#### EXERCISE INSTRUCTIONS
In the records below, find the line containing "Replace ail push rods and pull back springs.". Output it and every line after it to the end, unchanged, with no pictures.

### DATA EXCERPTS

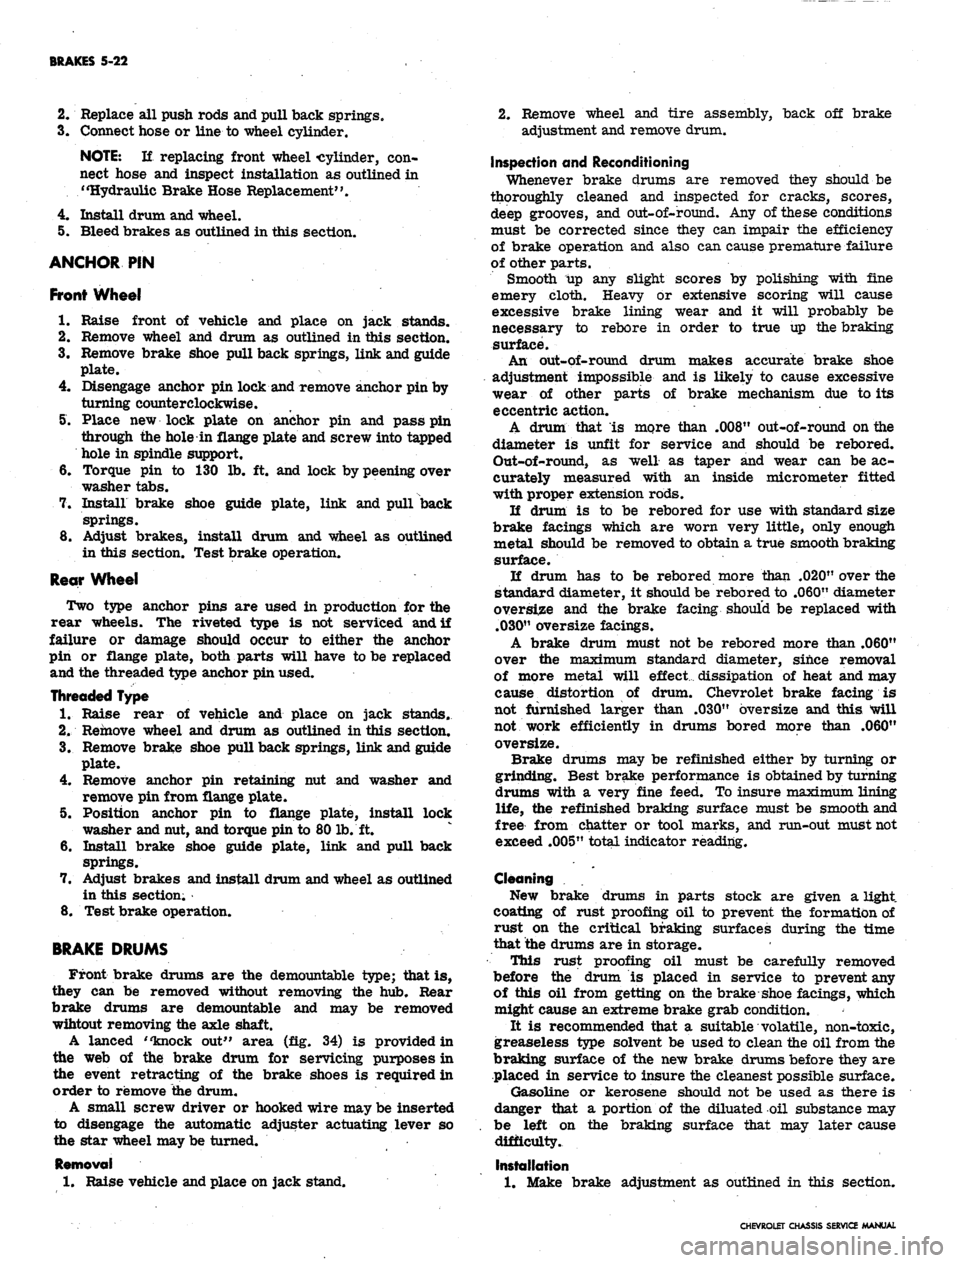 CHEVROLET CAMARO 1967 1.G Chassis Workshop Manual 
BRAKES 5-22

2.
 Replace ail push rods and pull back springs.

3.
 Connect hose or line to wheel cylinder.

NOTE:
 If replacing front wheel cylinder, con-

nect hose and inspect installation as outli
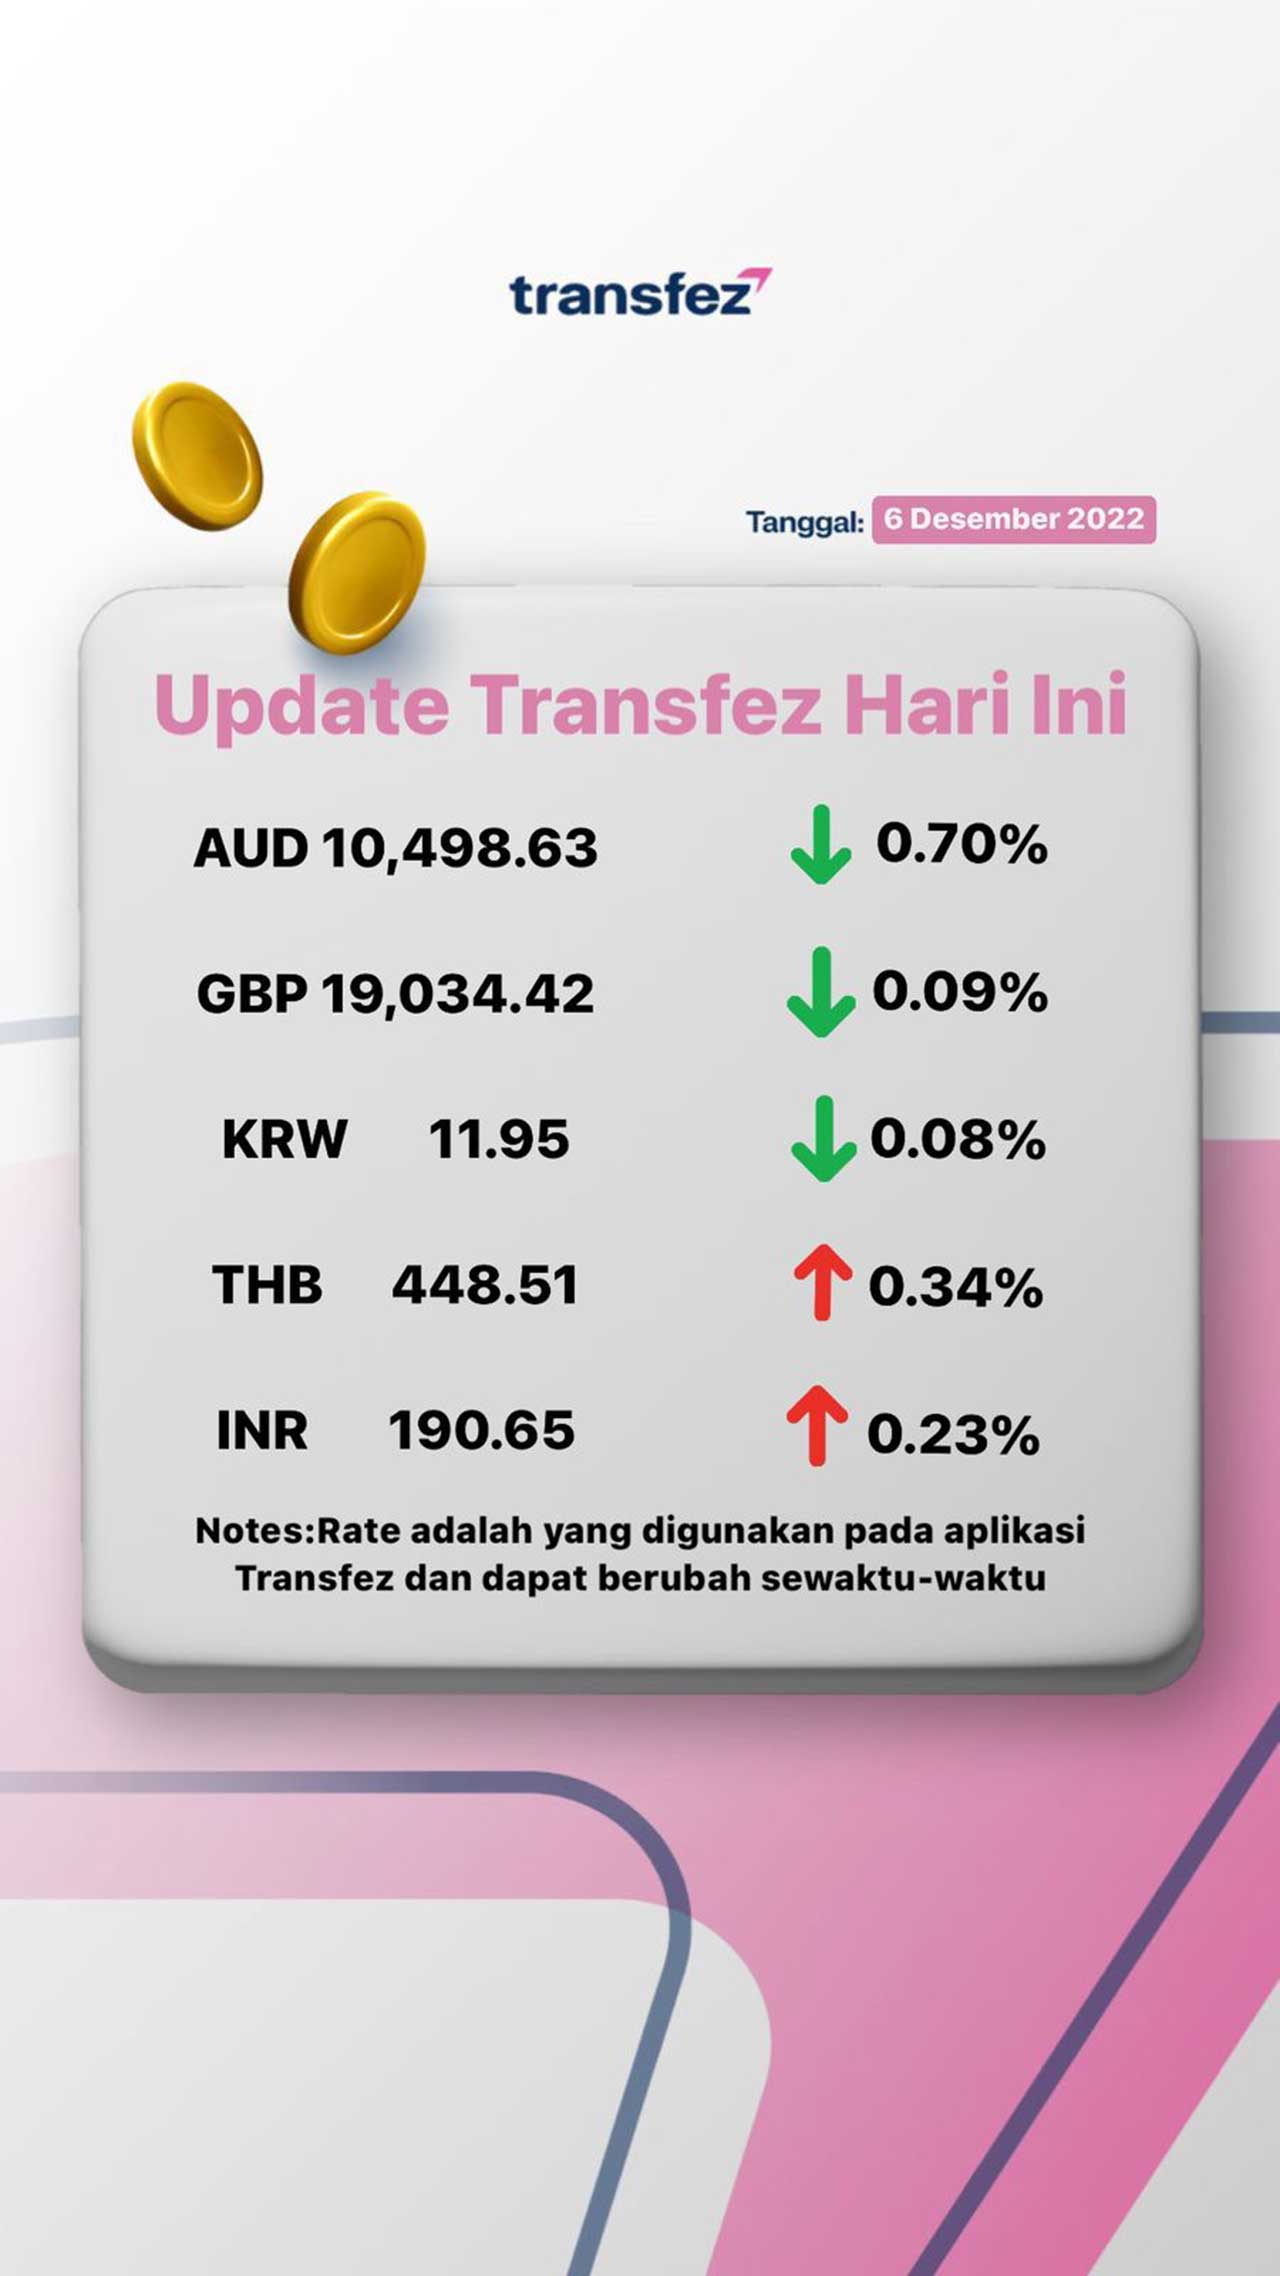 Today's Transfez Rate Update 06 December 2022

######

#### SOLVED PROBLEM
 Replace ail push rods and pull back springs.

3.
 Connect hose or line to wheel cylinder.

NOTE:
 If replacing front wheel cylinder, con-

nect hose and inspect installation as outli
 Today's Transfez Rate Update 06 December 2022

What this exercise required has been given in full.